*INFORMATION SHOWN:*
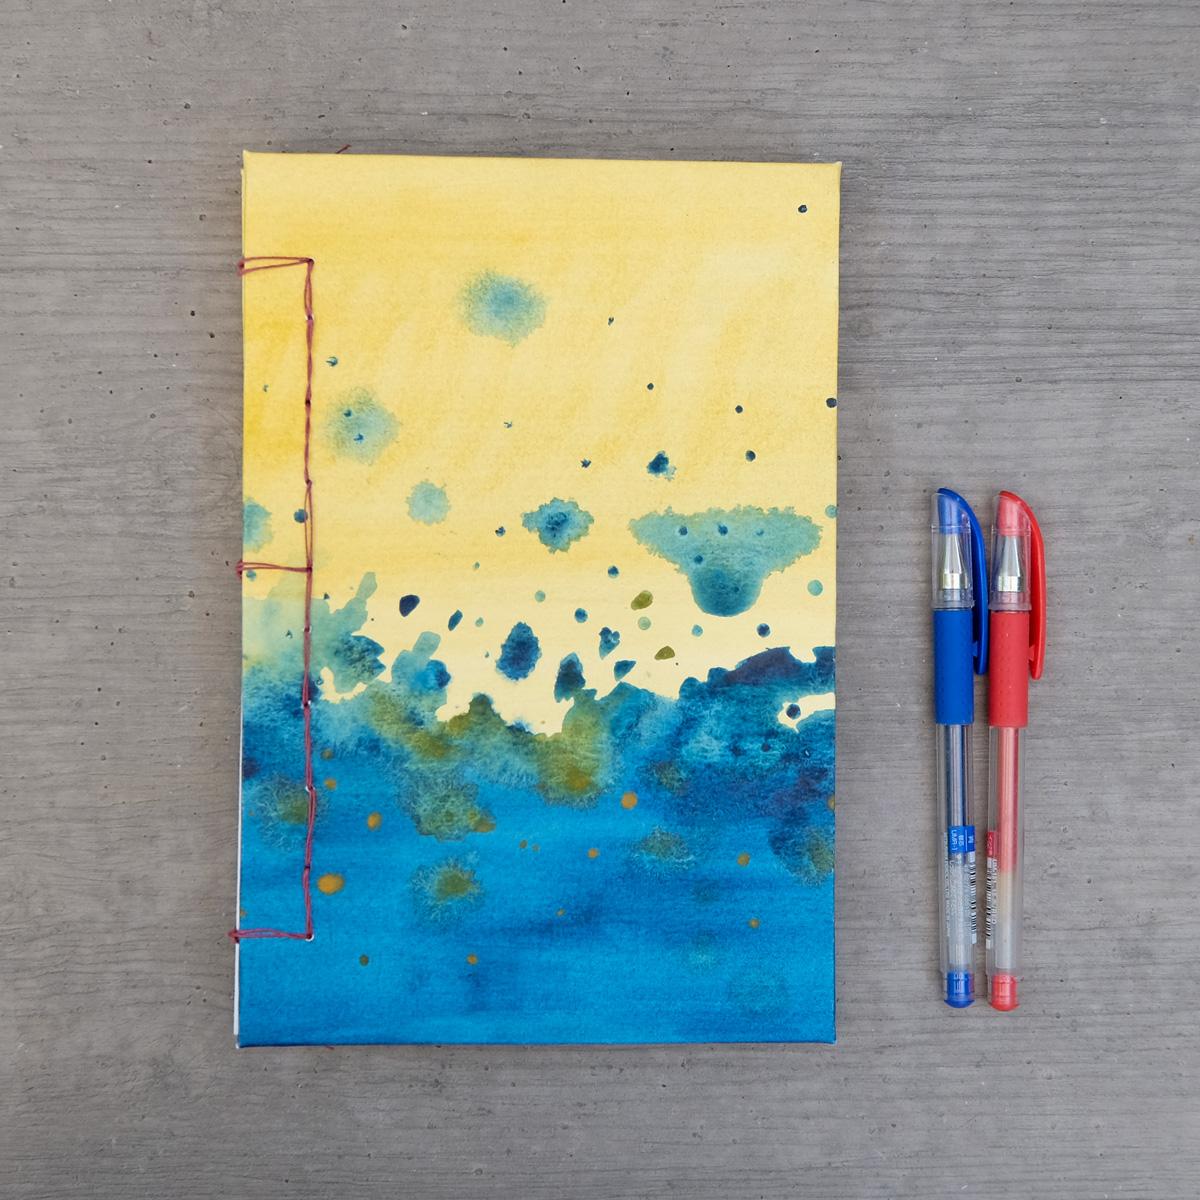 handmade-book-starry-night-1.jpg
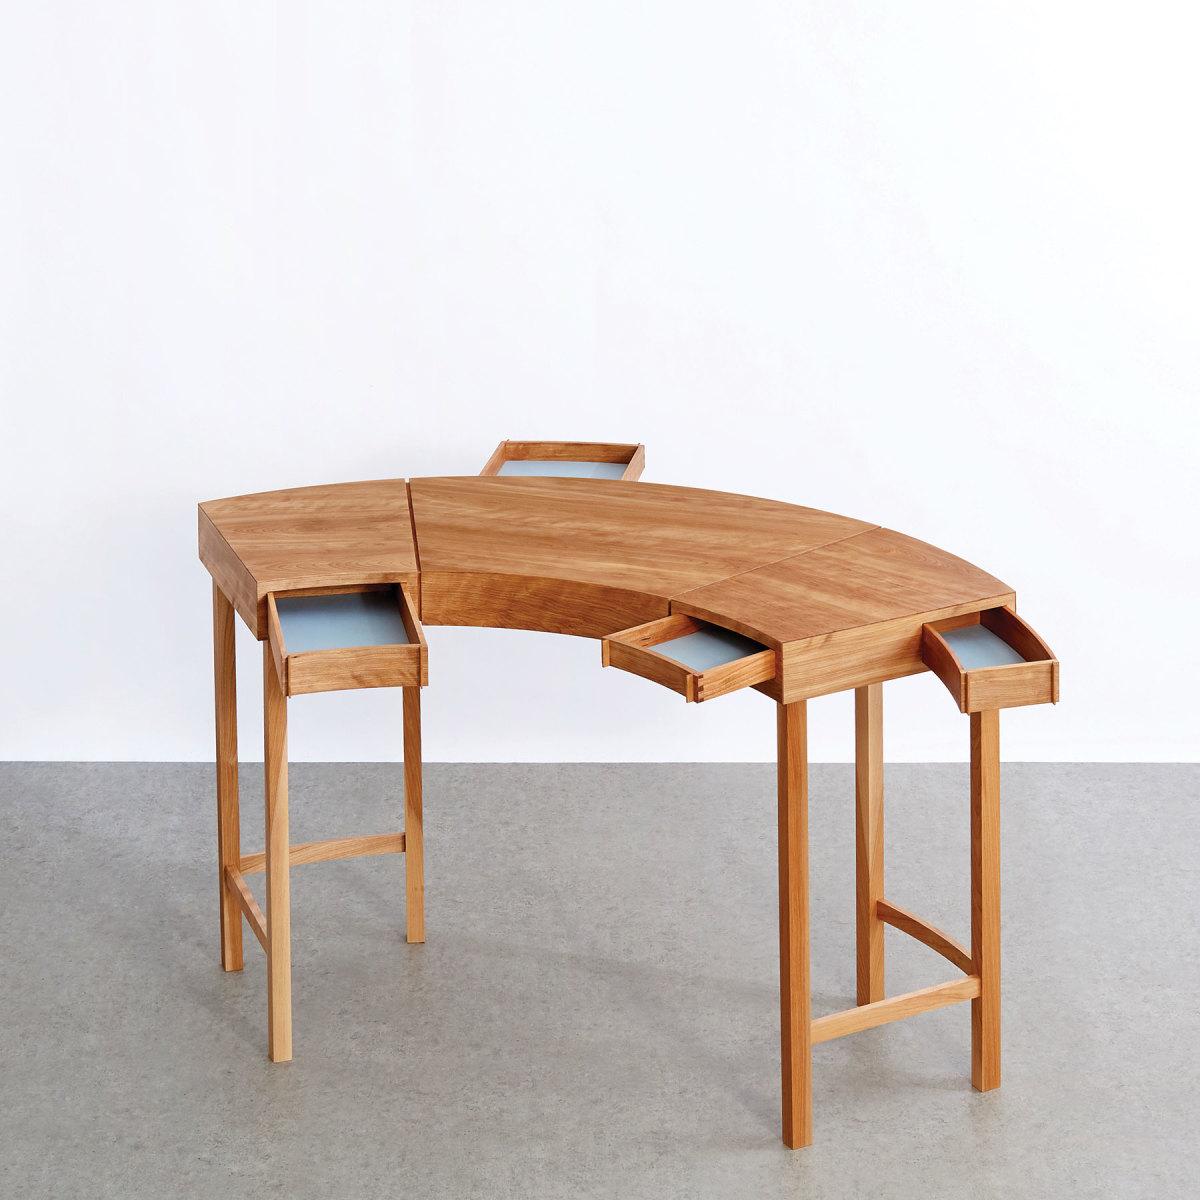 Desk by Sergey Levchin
--
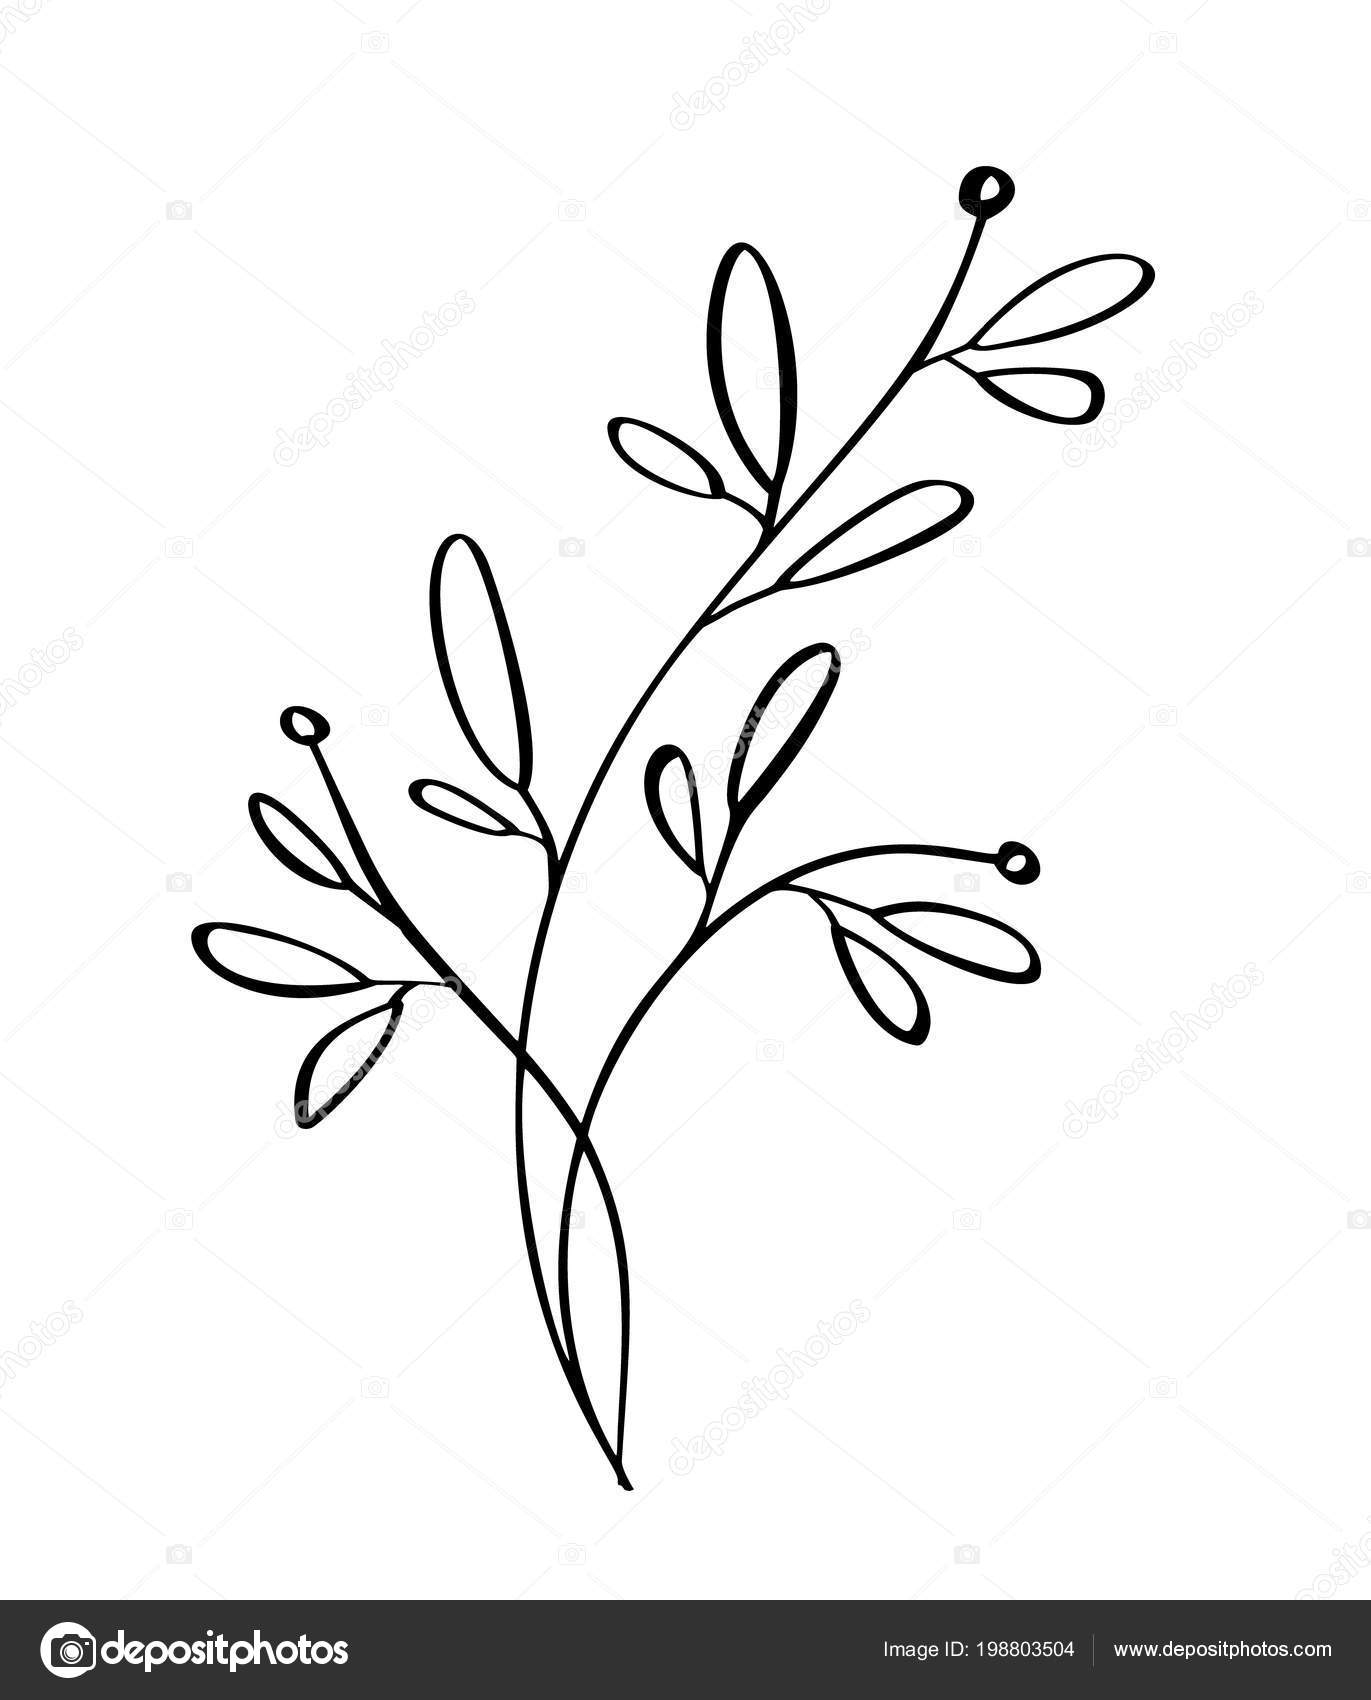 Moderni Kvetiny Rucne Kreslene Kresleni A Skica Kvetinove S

*PROBLEM DETAILS:* Restate word for word every line from the one with "handmade-book-starry-night-1.jpg" up to and including the one with "Desk by Sergey Levchin" in the records above, minus the pictures.

*ANSWER TO THIS TASK:*
 handmade-book-starry-night-1.jpg
 Desk by Sergey Levchin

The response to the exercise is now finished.